• [INFORMATION SHOWN]
>>>>
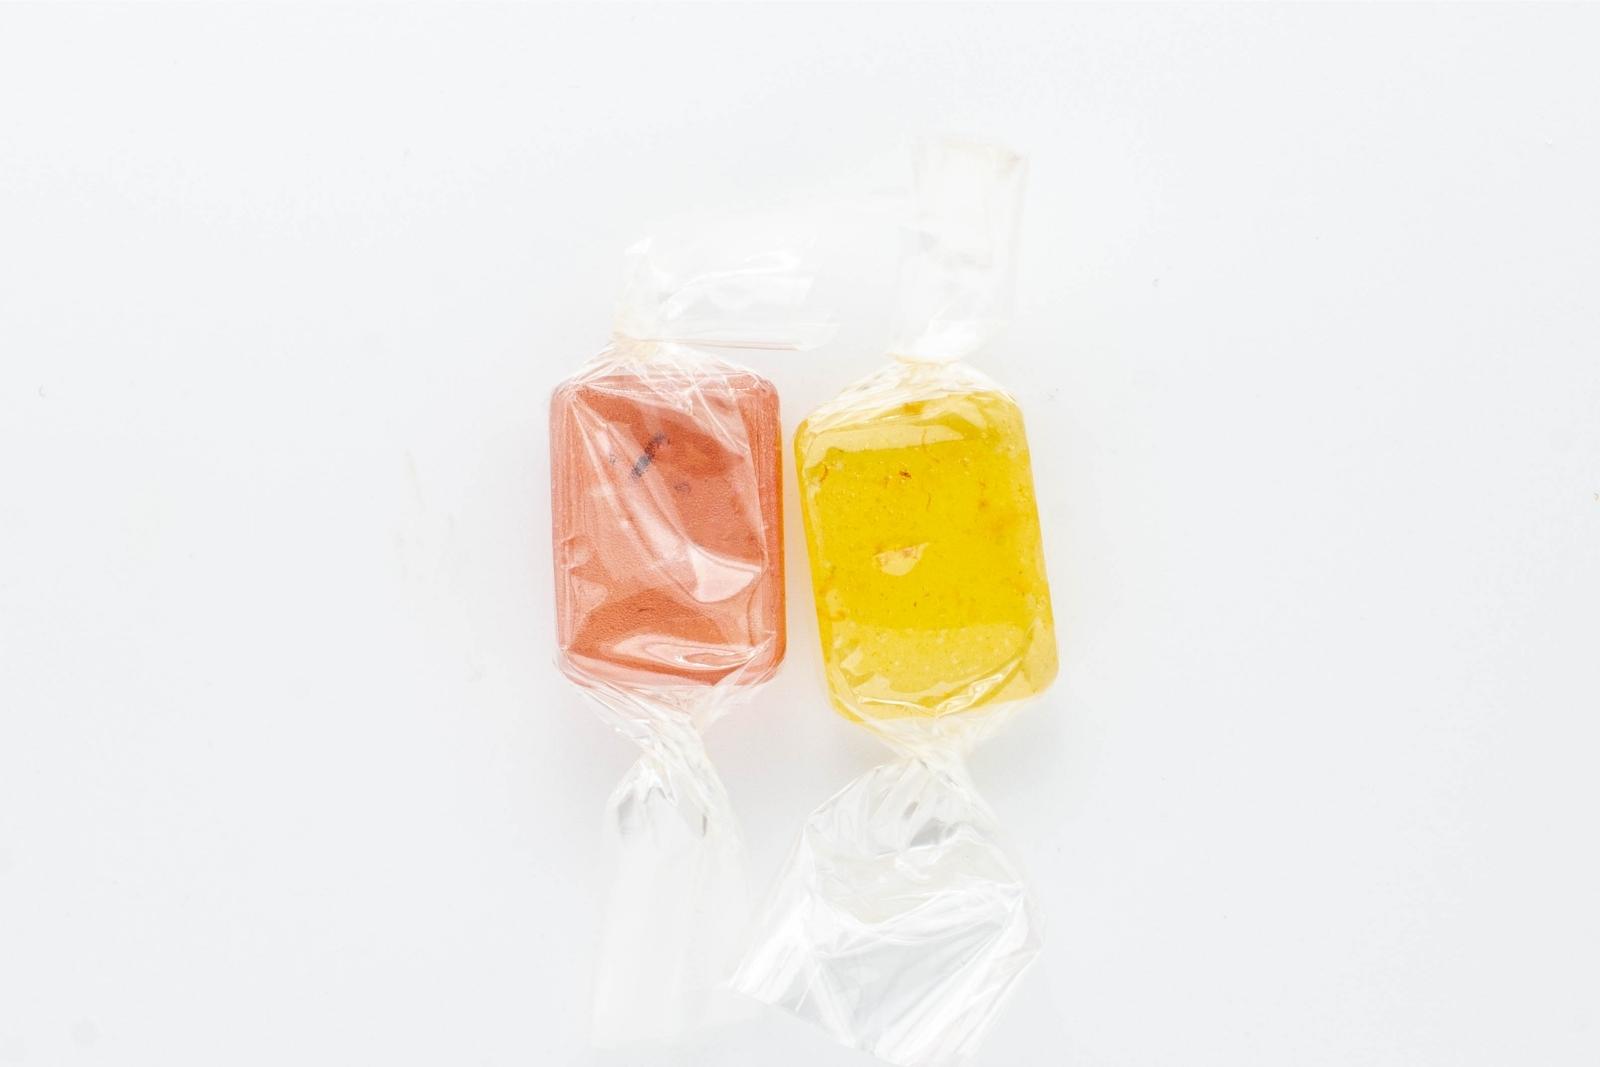 Two varieties of Nice CBD hard candies, raspberry and lemon, on a white background
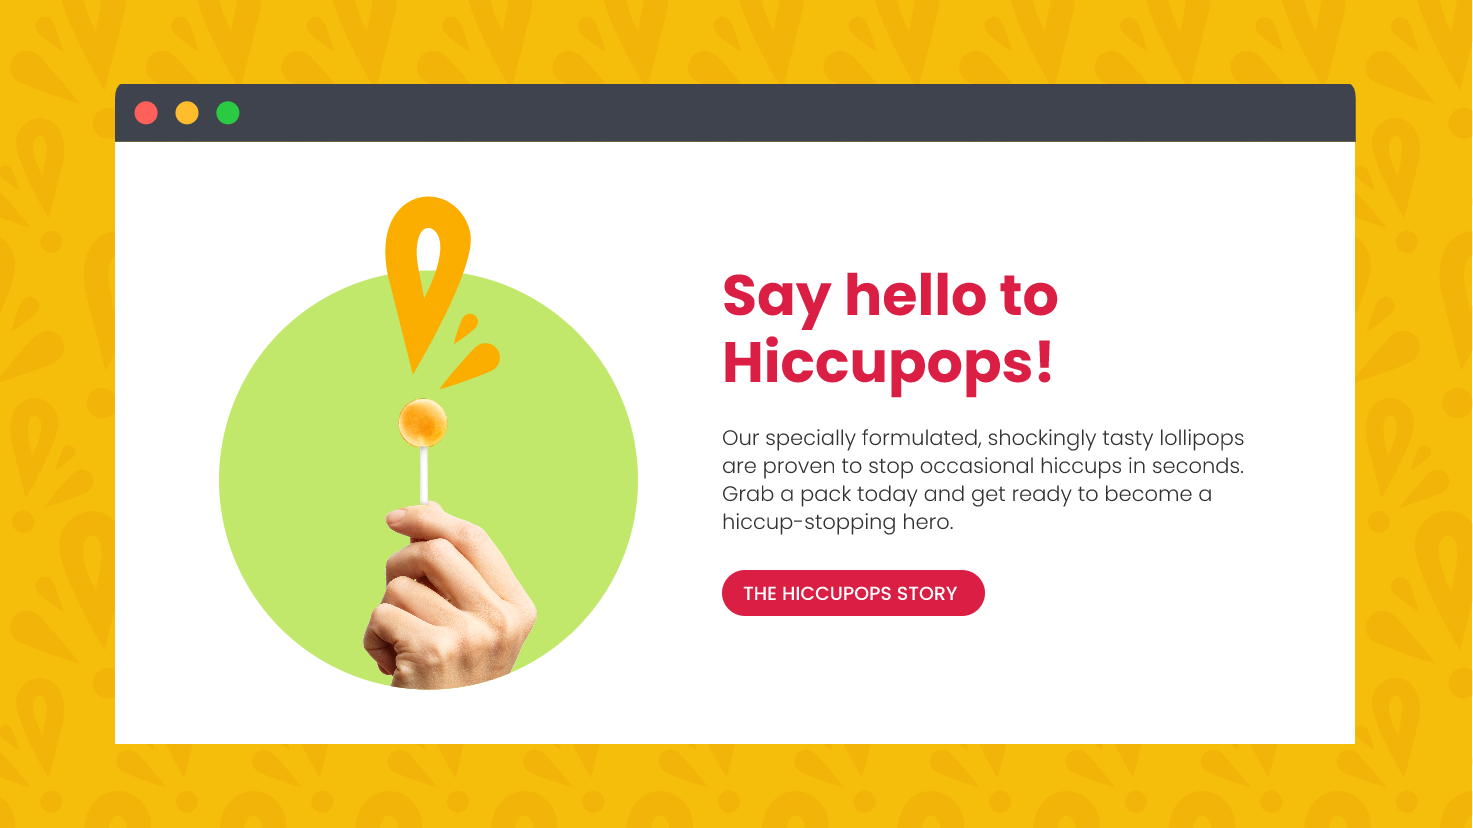 A screencapture of a webpage we developed for Hiccupops.
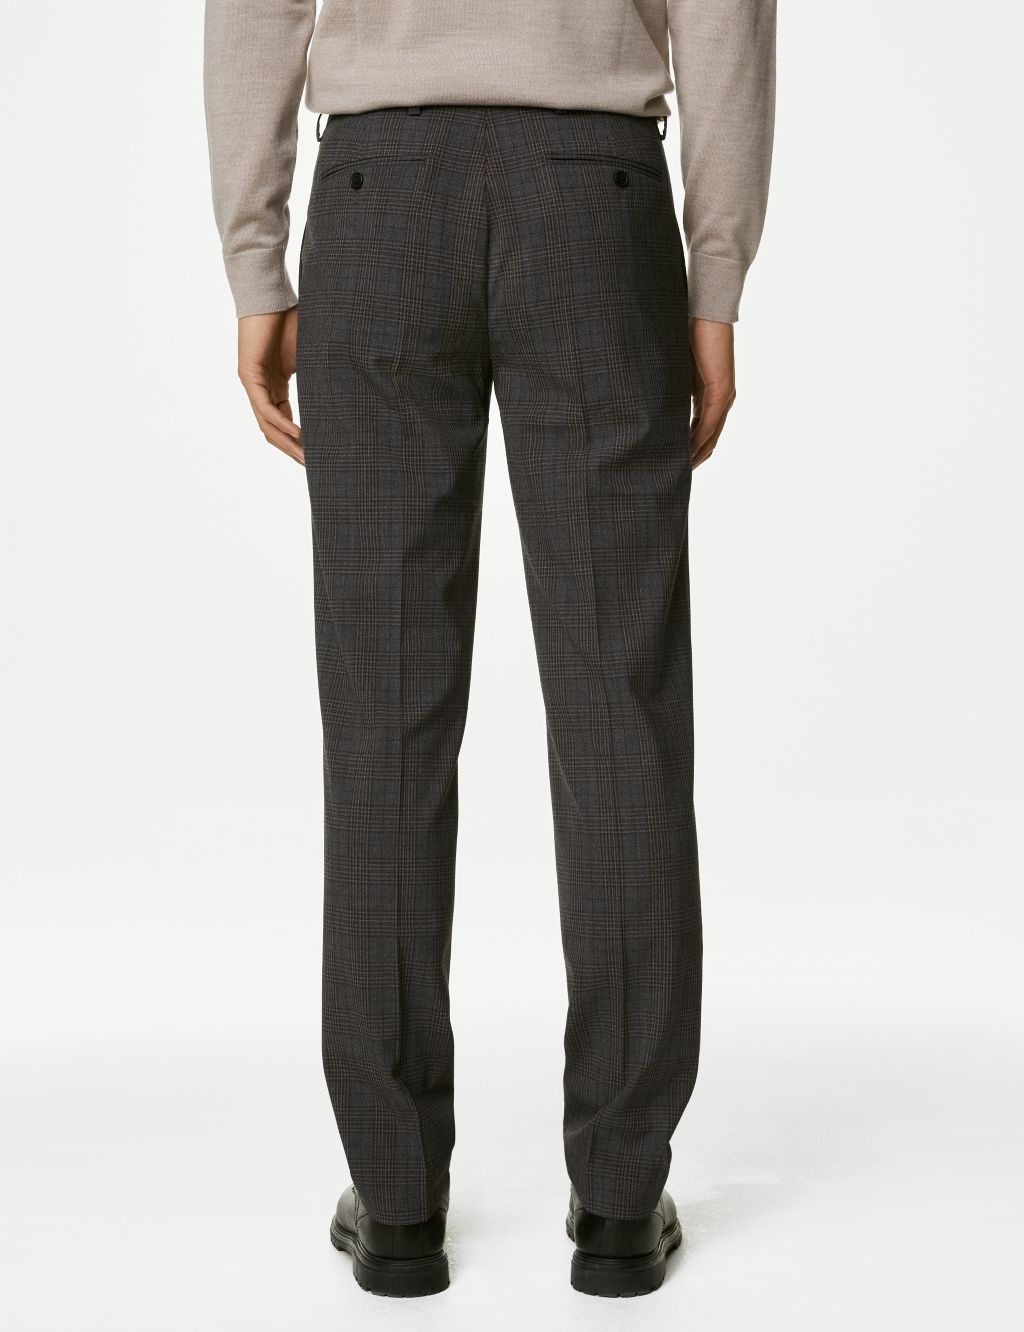 Textured Checked Stretch Trousers image 5
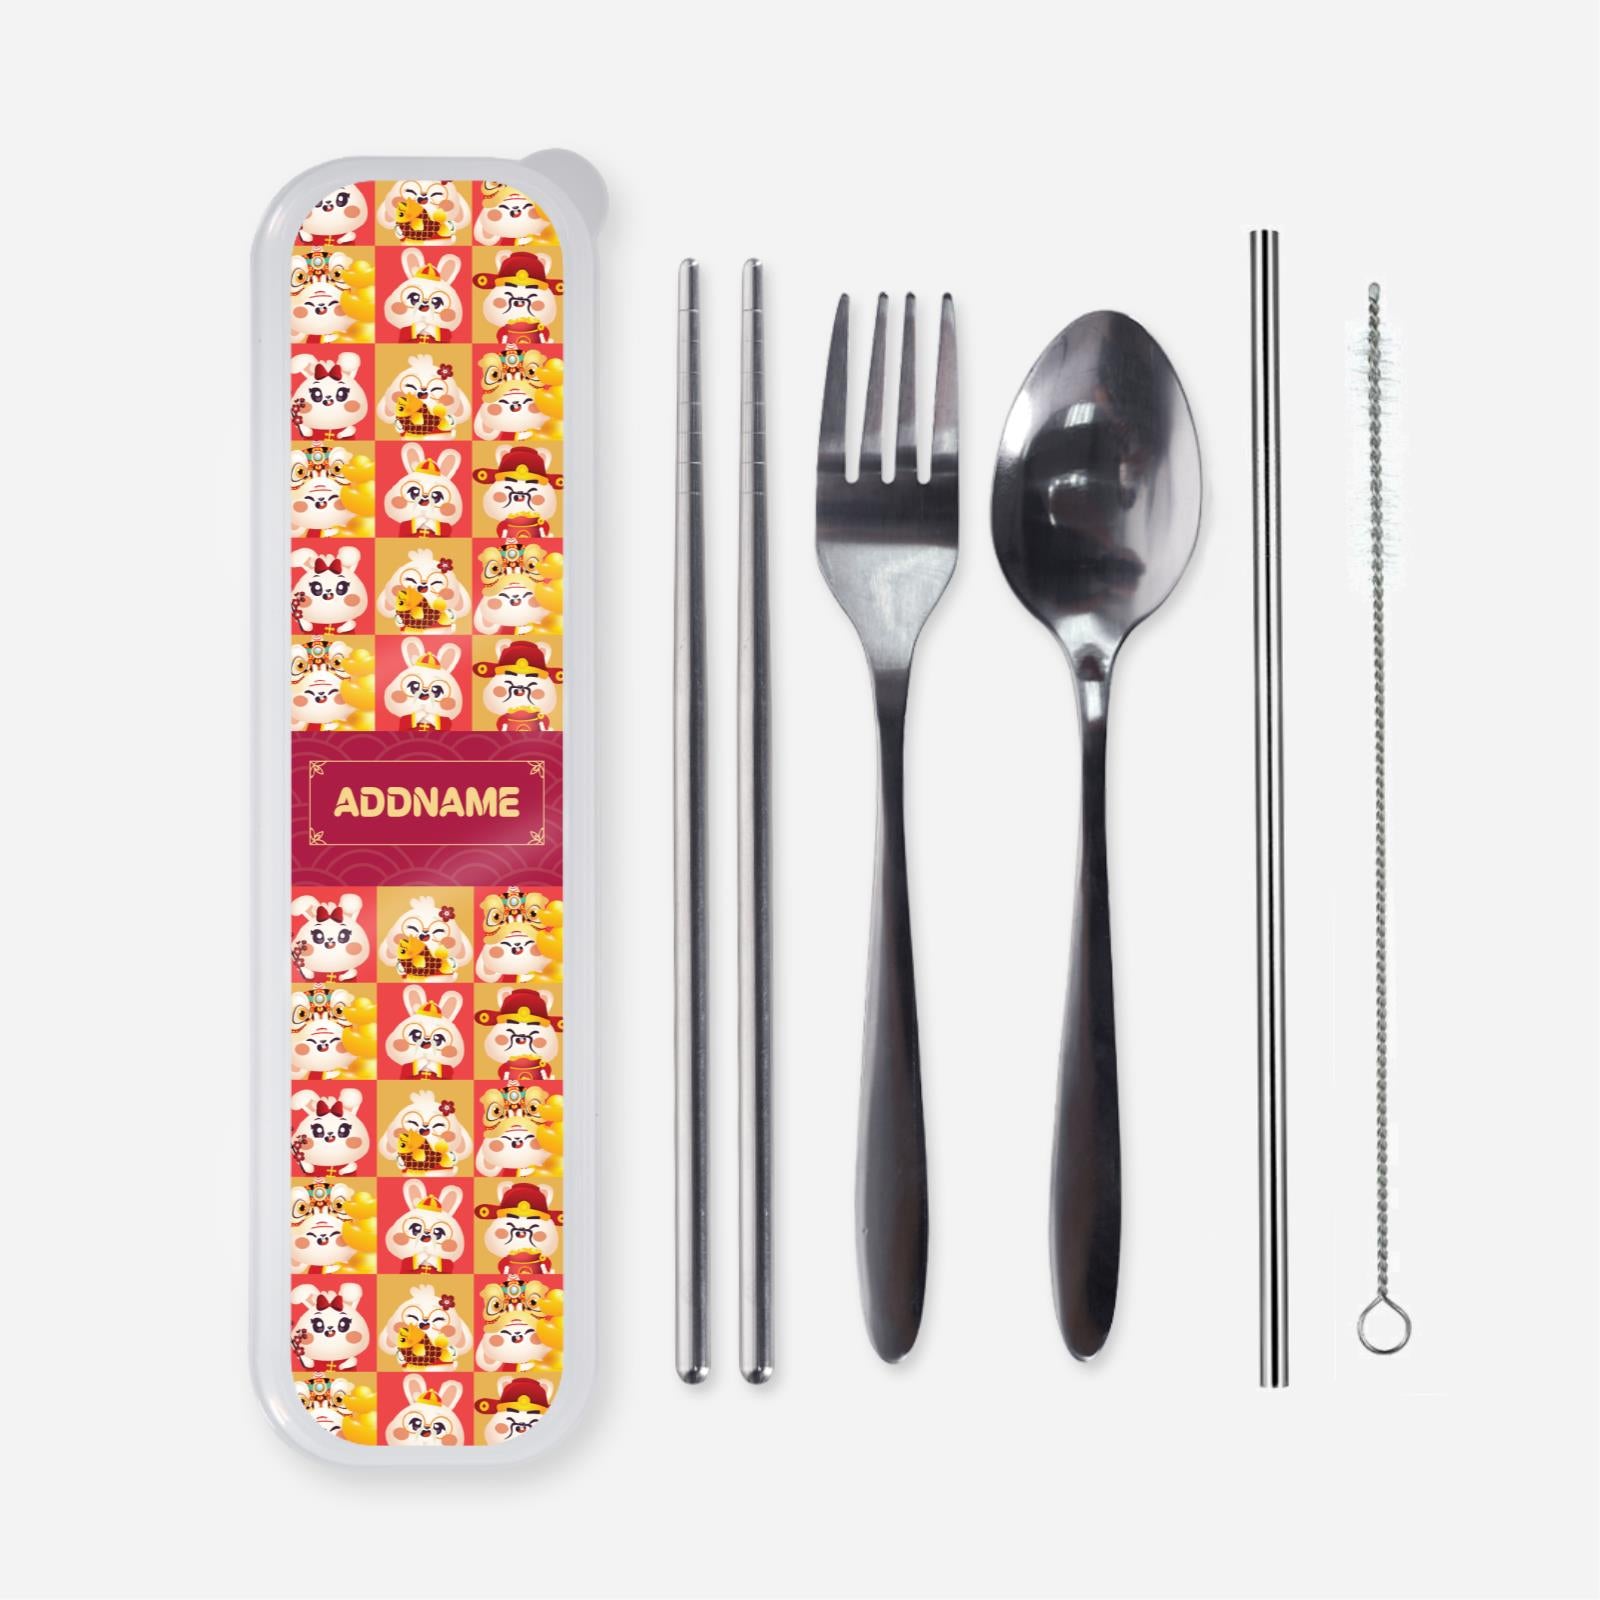 Cny Rabbit Family - Rabbit Family Red Cutlery With English Personalization
<<<<
• [PROBLEM TO SOLVE]
Nothing but the lines from the one that holds "Textured Checked Stretch Trousers image 5" through the end of the data should appear, written out exactly, without pictures.

• [WRITTEN ANSWER]
 Textured Checked Stretch Trousers image 5
 Cny Rabbit Family - Rabbit Family Red Cutlery With English Personalization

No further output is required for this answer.